Anyways the designer has to call in at the appropriate time & day to "schedule" an "inventory appointment" with the buyer. During the appointment with the buyer you will just walk around and try to identify pieces that you left are not on display and they paid off of that and the origianl xerox color copy they give you of the pieces when you drop them off.
That was insane, this high volume, celebrity filled store did not have a POS system or any time of inventory tracking! And it took me three months of stalking the buyer to finally find that out!

So one note to take from that type of experience and a word of advice to help avoid things like that, my mistake for not communicating properly...

1. Question the stores inventory process. Will your items be entered into their POS system and assigned a vendor code? Will their system be able to track the sales of your items?
2. How do they handle their accounts payable? Who is the accounts payable contact? Anyone who pays their bills on time will be very open and honest. Just remember any other type of business that conducts financial transactions with another company is required to provide trade references & banking information. (i.e. real estate, financial businesses).
3. What is the store policy on exchanges & returns? What if an item is damaged or stolen?
4. How often should non selling pieces be rotated?
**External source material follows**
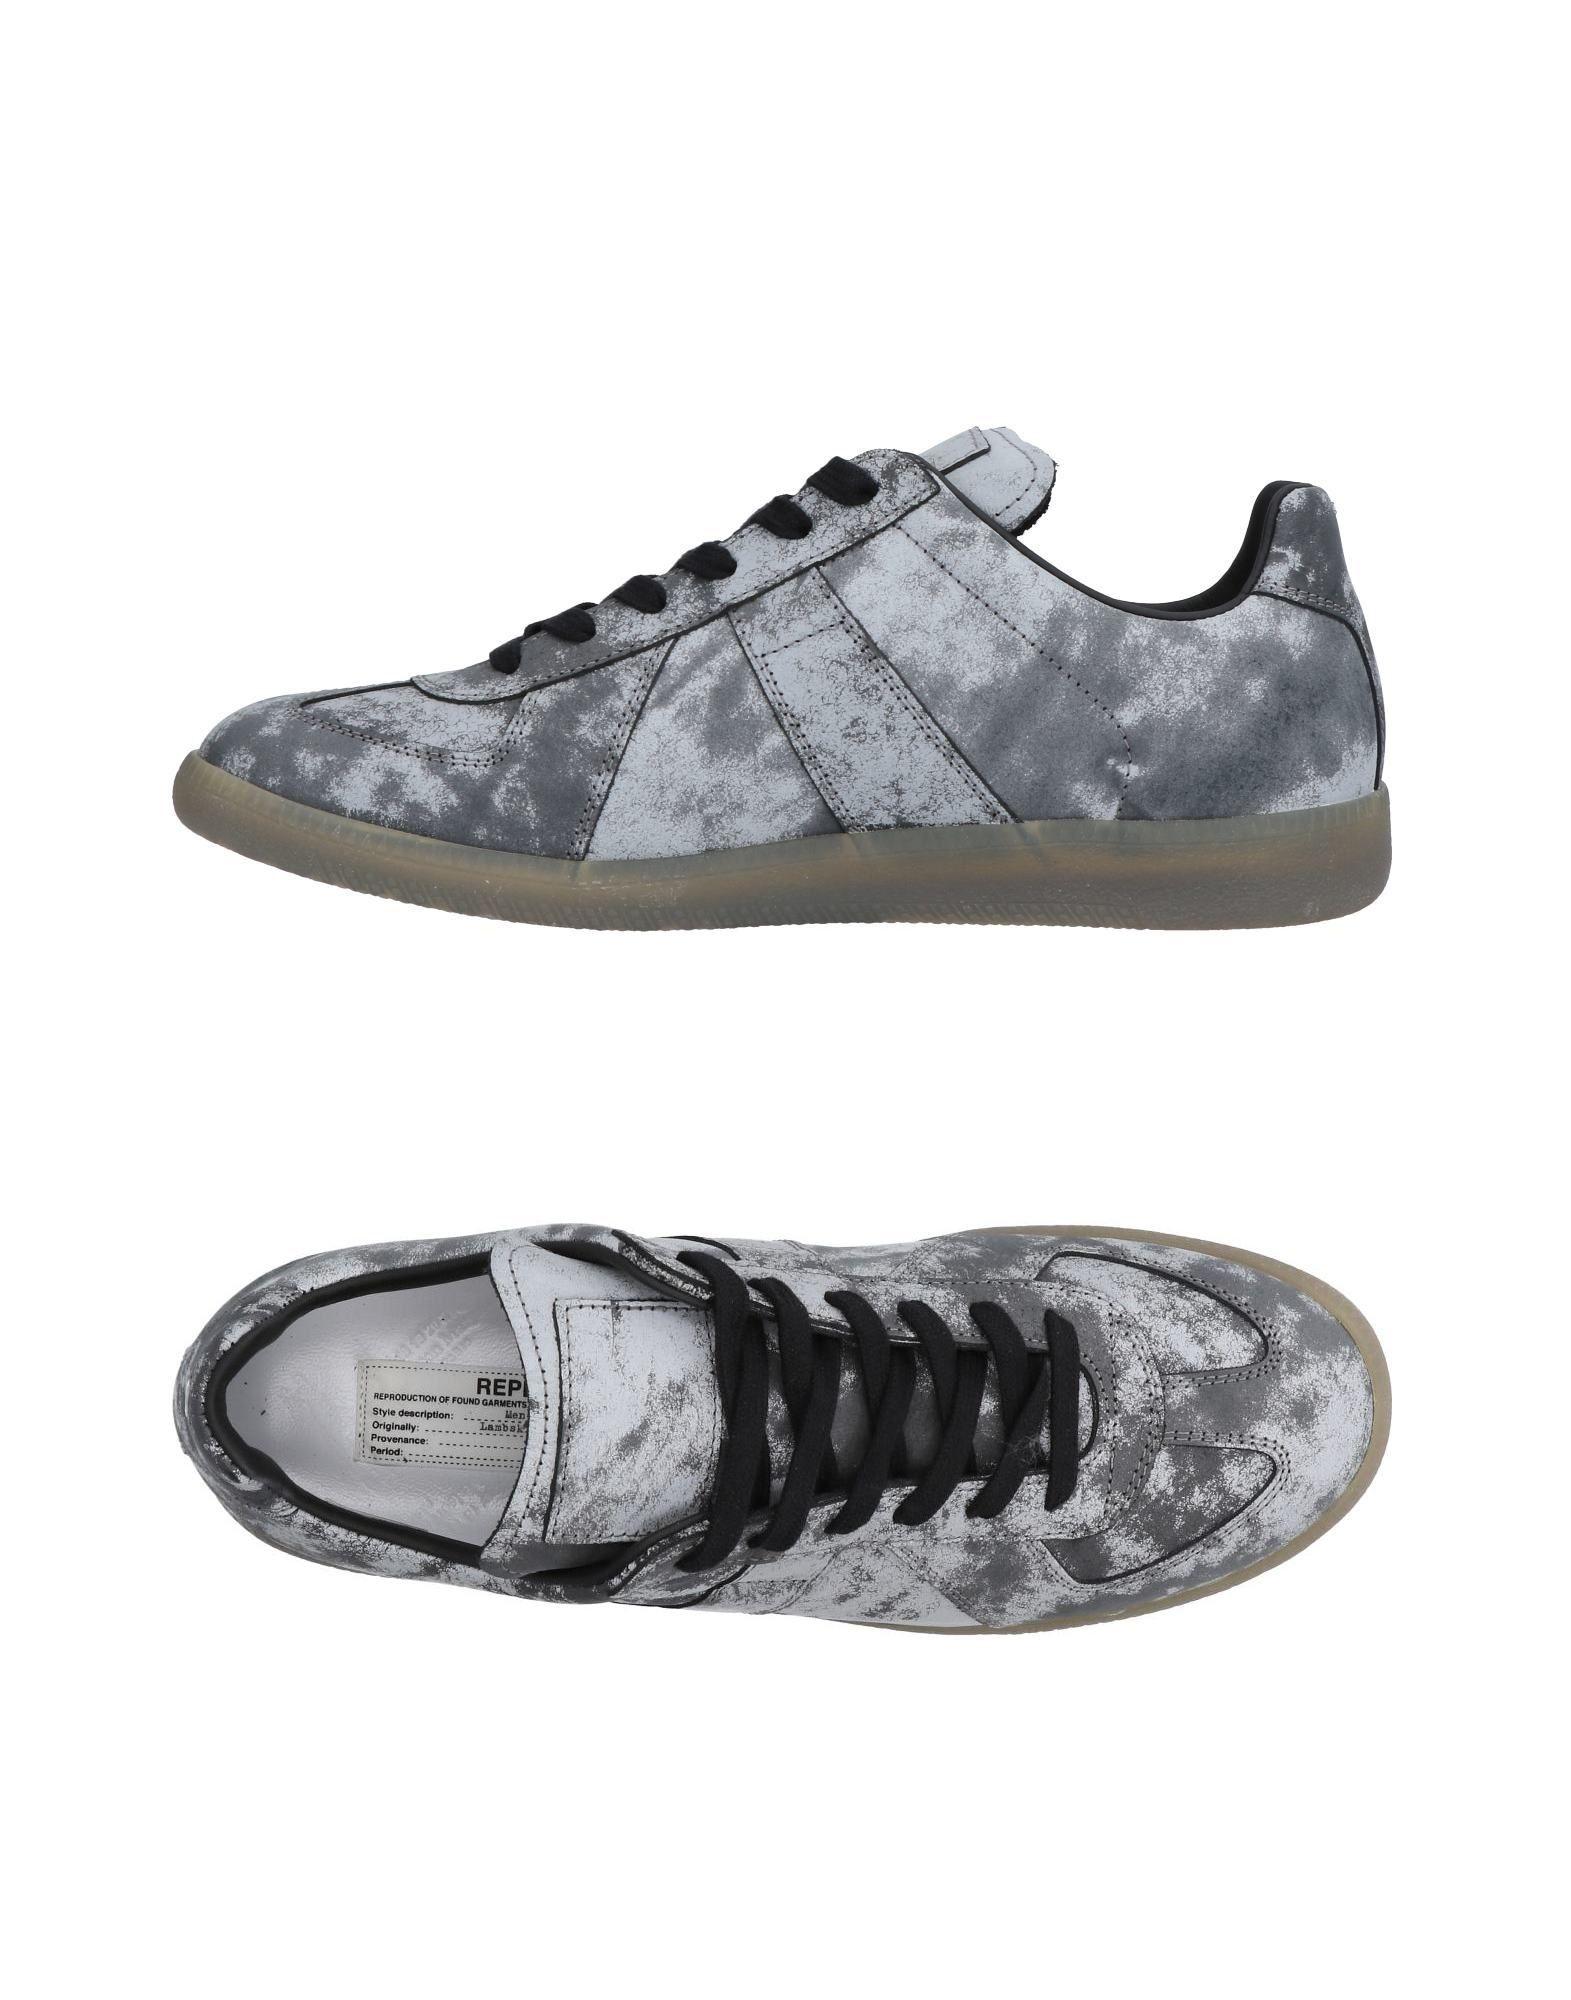 Maison Margiela Sneakers Herren  Schuhe 11472273KG Gute Qualität beliebte Schuhe  3eb655

If I would have thought to ask any of these questions that one day in my career where I let myself get excited about getting into such a "hot" store, if I would have thought more "business" than "prestige", I would have saved three months of headaches.

1 Comments:

Anonymous Anonymous said...

!!!!!!!!!!!!!!!!!!!
What!
You have an awesome great post and nobody's commented on it? WTF?

Oh this is just ridiculous. Really RB, we have got to do something about this. You need more exposure, once the new site is set up of course.

How've you been sweetie? Hope the market went great for you. I look forward to catching up with you soon.